Ta kda ndo n’rezla’a man a tètèkè maya azbai.

On ne tue pas l’ignorant qui mendie la sagesse. (French)

Nobody kills an ignorant person who begs for wisdom. (English)

Mafa (Cameroon, Nigeria and Niger) Proverb


Background, Explanation, Meaning and Everyday Use

The Mafa people live in the Mayo Tsanaga region in Far North Cameroon, but they are also found in various other cities of northern Cameroon, northern Nigeria and recently southern Niger. They speak Mofa. In the traditional Mafa culture, begging (n’tètèkè) is severely condemned. For this reason even when someone offers a gift to a Mafa, he or she does not accept it right away. The donor has to insist once, twice or three times before he or she takes the donation. It is interesting to note that, to the best of our knowledge, it is only right to solicit a donation when there is famine. It is even more remarkable to observe that in this case people do not use the verb n’tètèkè (begging) but rather n’hèsh ma (which means literally to “to seek the mouth”). This indicates that in the culture begging is shameful and shame is the worst thing that can happen to a Mafa. Another proverb expresses this clearly by stating N’dza’a a horai a gèd a m’metsai that means Shame hurts more than death.”

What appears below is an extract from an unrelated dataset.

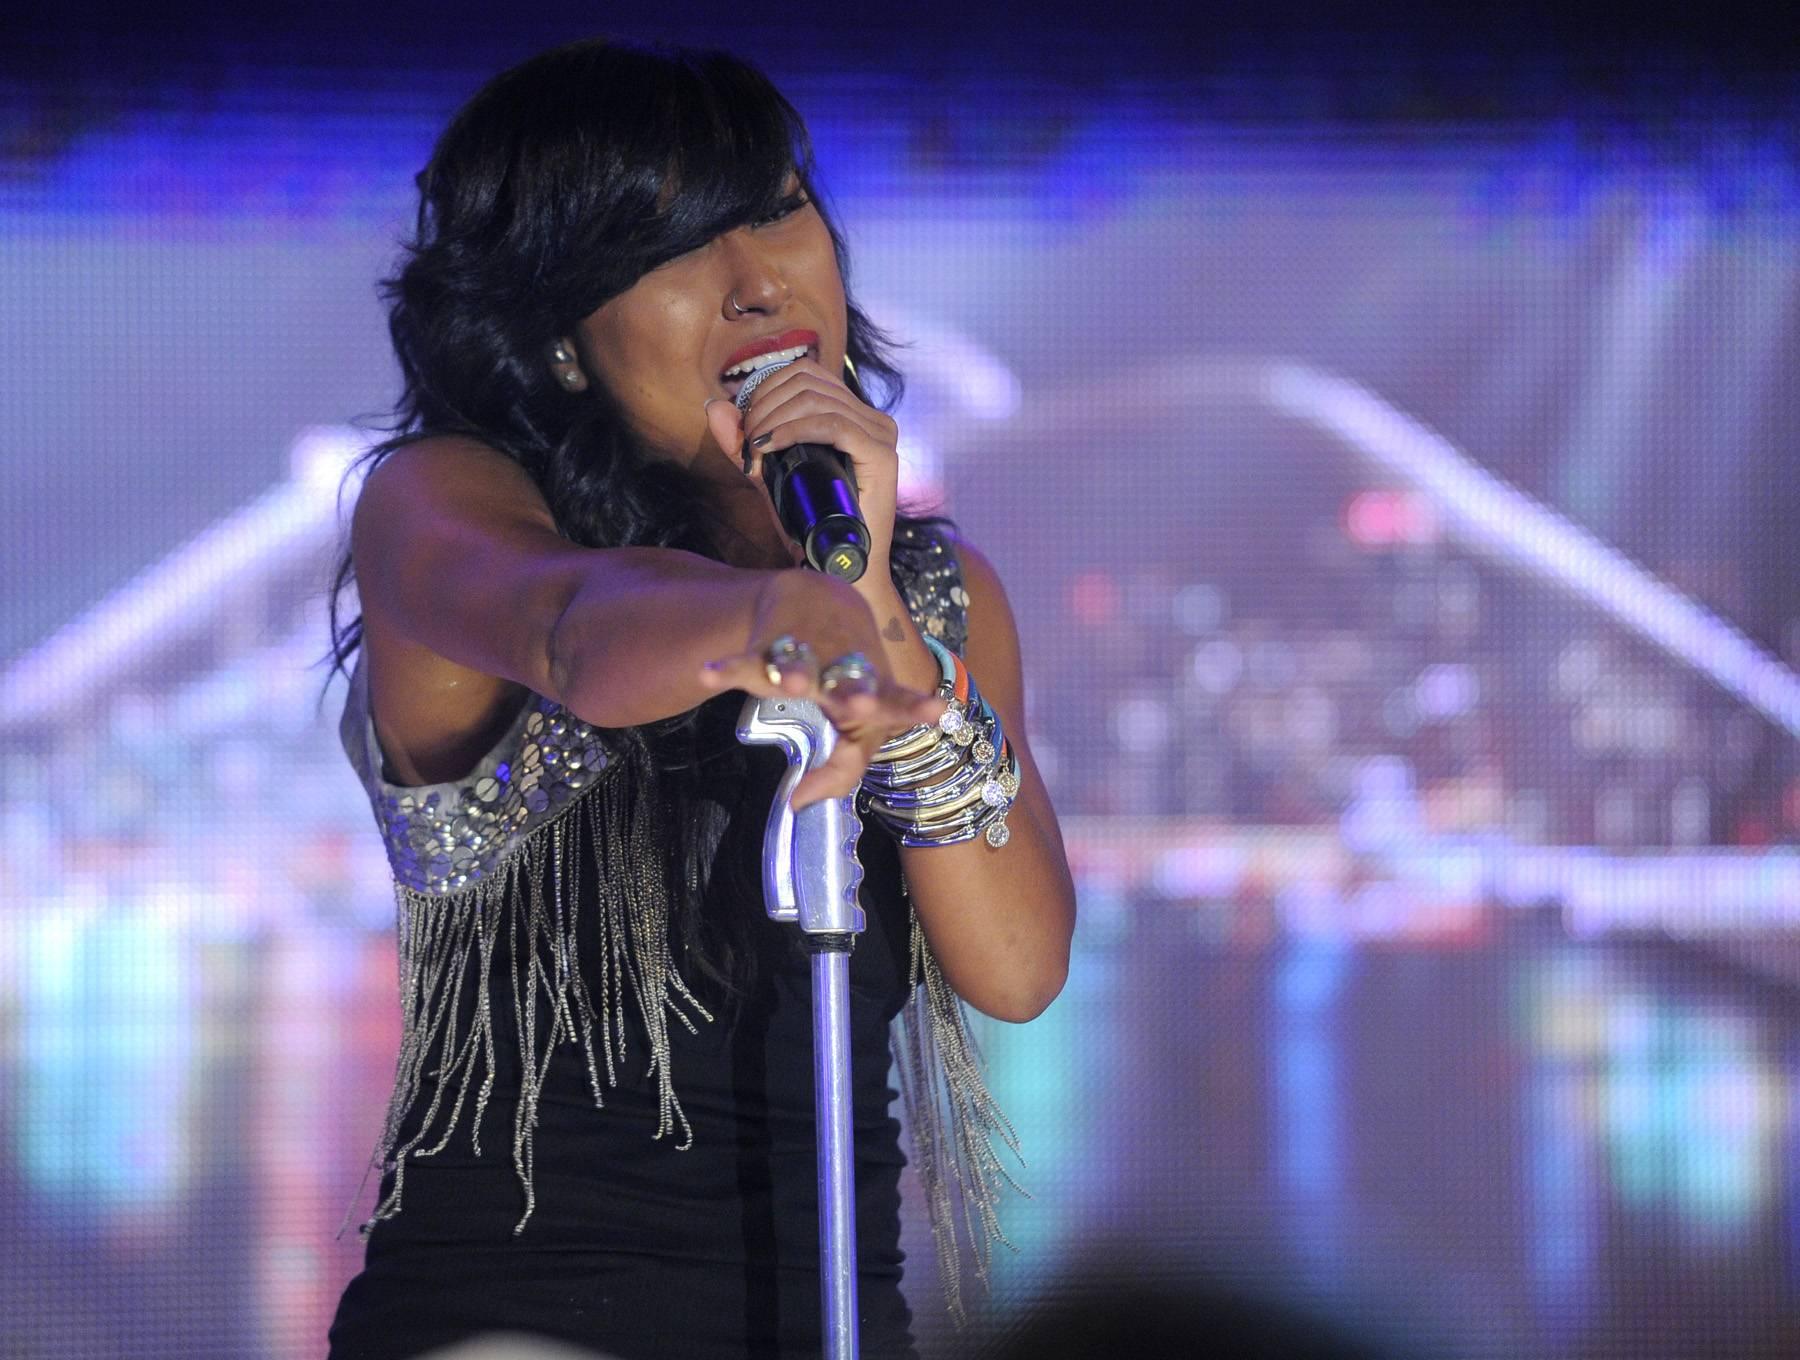 Sing It, Girl! - Melanie Fiona performs at 106 & Park, May 22, 2012. (Photo: John Ricard / BET)
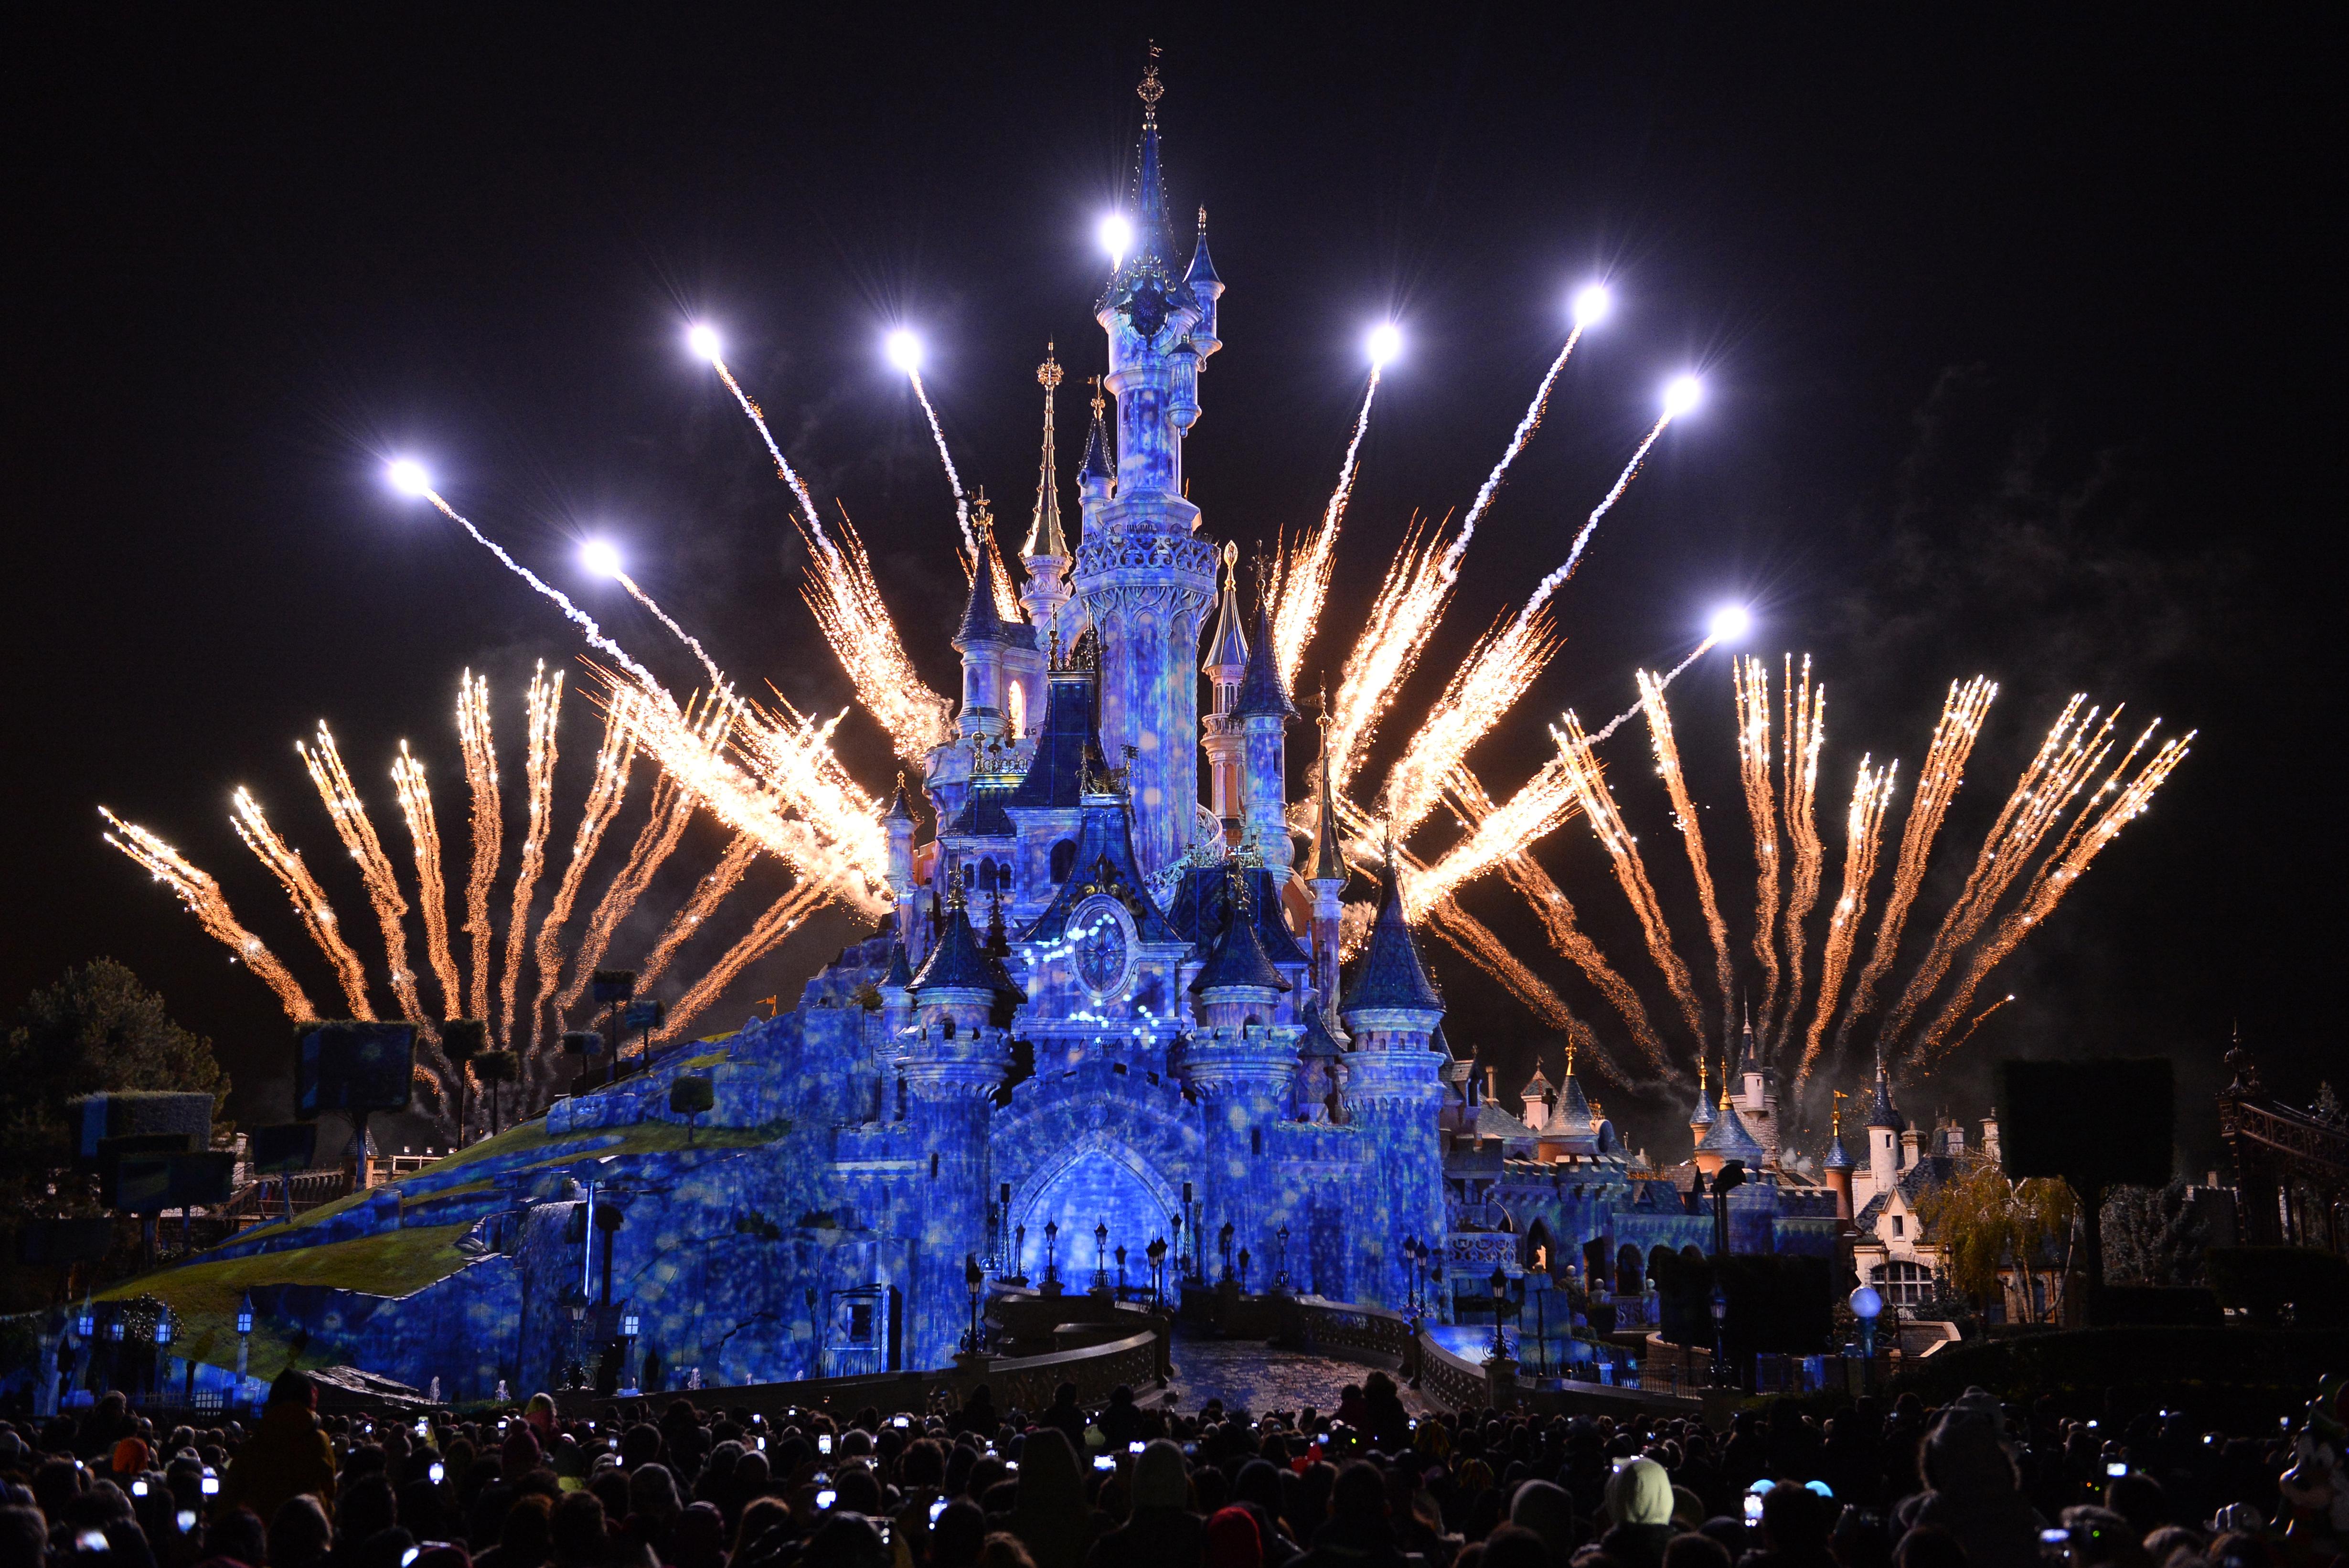 Fireworks at Disneyland Paris New Years Eve

The proverb Ta kda ndo n’rezla’a man a tètèkè maya azbai (Nobody kills the ignorant person who begs for wisdom) encourages to “beg for wisdom” in a context where begging is very shameful. It is in fact an encouragement to accept to follow the path of shame in order to get knowledge and wisdom (the same Mofa word maya applies to both). It means that instead of pretending that you know something and remaining ignorant, it is better to be humble enough to ask for information or to pursue knowledge even if it means lowering oneself in the process. This proverb is normally used in an embarrassing context where somebody does not know something that he or she is supposed to know.

Biblical Parallels

This Mafa proverb has clear parallels with biblical teaching. Many Bible verses encourage humility. The Bible says in Proverbs 11:12: “When pride comes, then comes disgrace, but with humility comes wisdom.” Here the relationship between humility and wisdom is clearly expressed although the context is different. In the same book the Bible teaches that “Before his or her downfall a person's heart is proud, but humility comes before honor” (Proverbs 18:12). It is really interesting because out of pride humans hesitate to follow the path of humility and by doing that they lose the very honor that they try to keep. Just as the Mafa who refuses to “beg” for wisdom out of pride remains ignorant, a person who refuses to be humble will not get the true honor that wisdom gives. Instead of killing honor on the altar of pride, wise men and women should follow the teaching of the Bible that point to the greatness and nobility of humility. Isn’t it clear that Jesus-Christ, the Wisdom in person, gives us the perfect example of humility? The second chapter of Philippians that theologians call the “Christological hymn” is worthy of serious meditation during our quiet times.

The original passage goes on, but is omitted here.